A glance at the colored overhead lights, the sound of the band, and one deep breath to take in all the familiar smells, and I was transported back to my childhood; but this was Boston, not New York.


I traveled with my sister Genevieve and her family to Boston for the weekend, but I might as well have traveled back home to New York, over 50 years ago. It was the Feast of St. Anthony, the “Festa” as we call it, when all the Italians take to the streets to celebrate one of their very favorite saints. My Aunt Linda was so devoted to him, she called him “Tony".

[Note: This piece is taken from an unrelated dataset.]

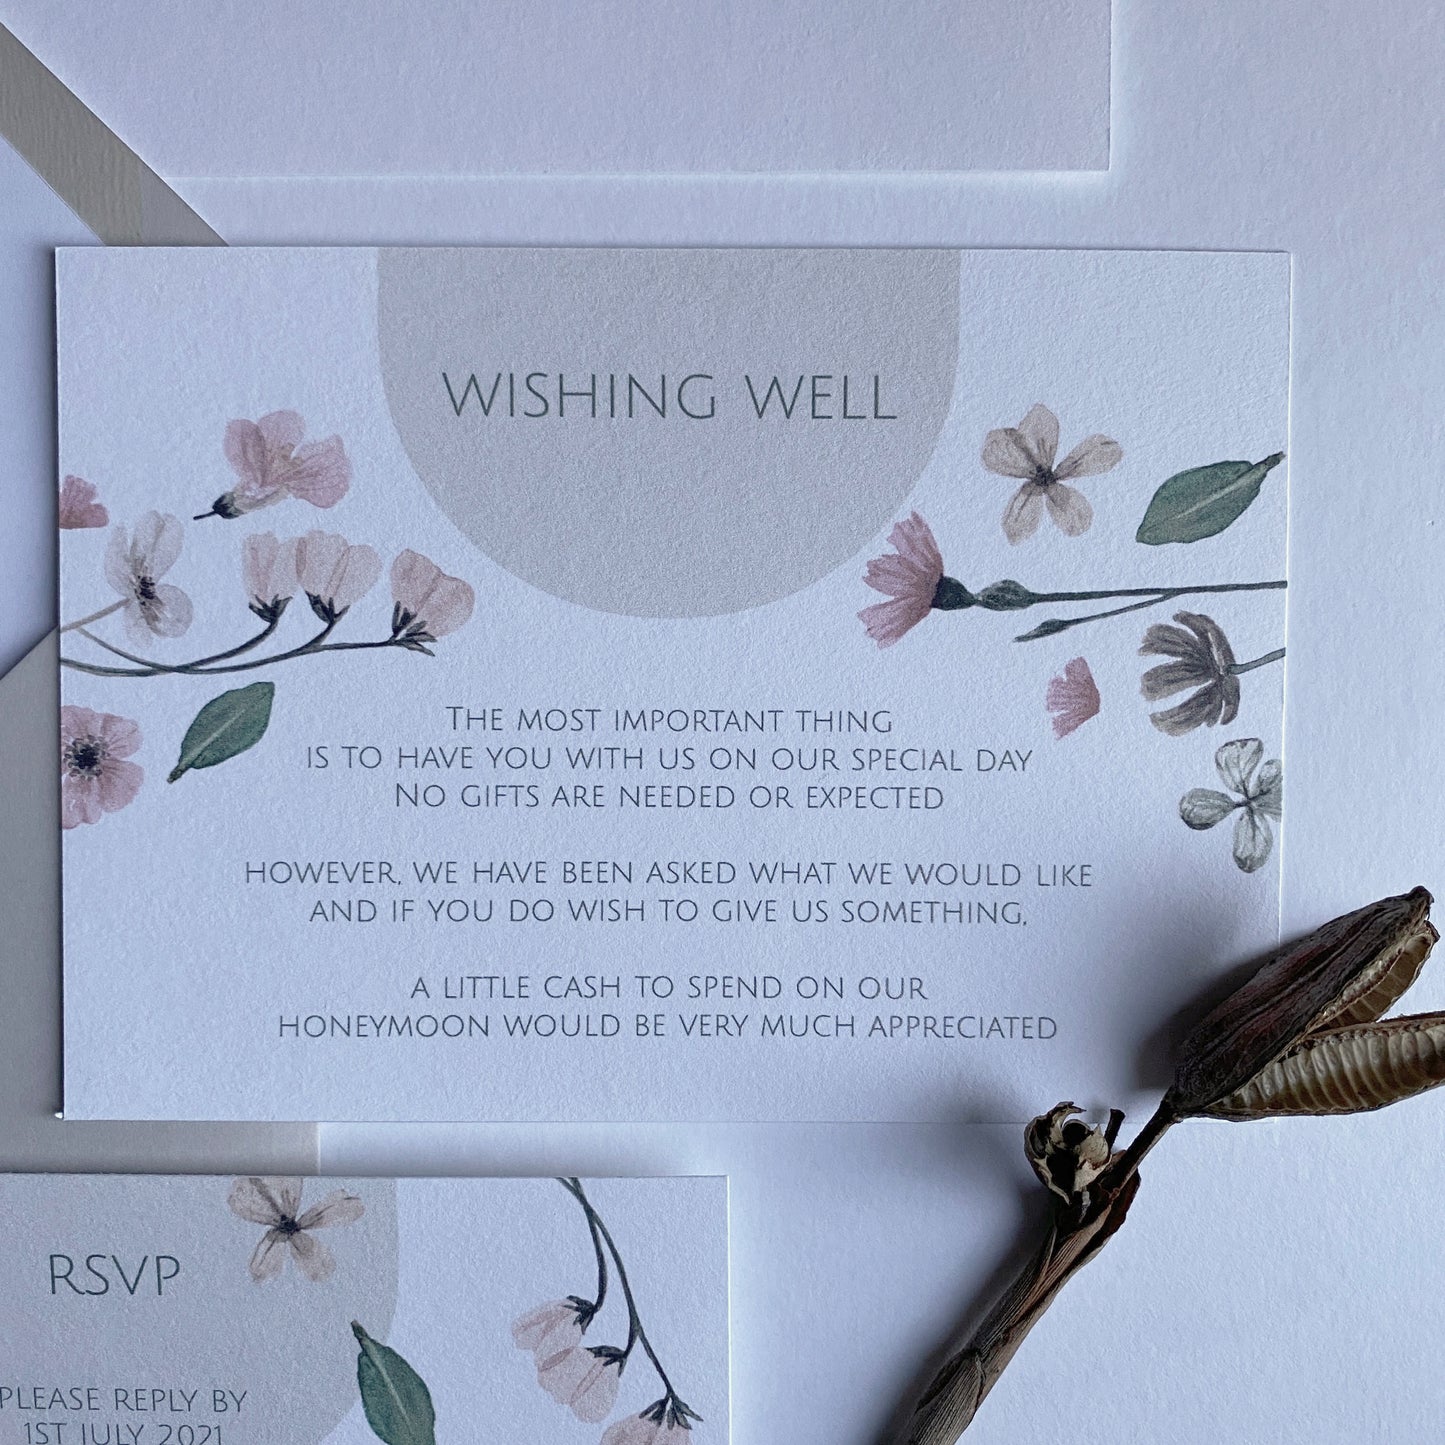 Pressed Flowers Invitation/WEDDING Invite/Botanical Invite/Vintage Pressed Flowers

If you have never been to an Italian street fair, it is an explosion of food, music, family, and lights. The streets are closed to traffic, and small tents are set up along the curb. Most sell food, some sell tee shirts proclaiming the glory of being Italian, and others are devoted to games of chance where you can win stuffed animals of all varieties and sizes.


Everyone comes to see the statue of St. Anthony, in his familiar tonsure and brown habit, holding the Baby Jesus. (No one ever questions this, even though St. Anthony lived centuries after Jesus was a baby.) He's carried down the street draped in dollars from devotees all pinned to satin ribbons flowing from his shoulders. He is preceded by the Italian American band playing way above the cheers of the crowd. They call it a Procession or even a parade, but in reality, it is a moving mob, and if you are not careful, you’ll be swept up into the current and find yourself blocks away from where you started. Some are lucky enough to have apartments along the route, and lean happily out their open windows, waving and cheering on St. Anthony and his followers.


The street food is the star of these events, and the real reason most people come… just don’t tell St. Anthony.  Walking down the street is an olfactory journey… one aroma after another. Sausage and peppers, fried calamari, arancini, grilled sweetbreads, and of course, fried zeppoli, smothered in powdered sugar. One strolls from vendor to vendor, stopping along the way savoring a favorite item.


As children, we loved going to La Festa San Gennaro in New York City. It was in September, the last hurrah before school and winter setting in. Some of my father’s patients were food vendors there. I especially remember Frank Valone, "the clam man." Daddy loved to stand there in the cool night air under the bright lights, slurping down freshly opened iced cold clams, squirted with juicy lemons, and chatting with Frank.


There was also the man who grilled sweetbreads, stuffed the charred treasures in crusty rolls wrapped in paper, and handed them out to those who waited on line. Daddy particularly enjoyed these.


Personally, I couldn’t wait for the zeppoli! These fabulously fried pastries started with blobs of yeasty dough puffing up as they hit the vat of boiling oil. When golden brown, they were scooped out with large strainers, showered with powdered sugar and piled high in a brown paper bag.  We would all grab some right away, and eat the rest in the car on the way home as we passed the oil-soaked sack amongst us. They would always be the last thing we got before heading home.


I’m close to 60 now, but for a few hours in Boston’s North End, I was a kid again.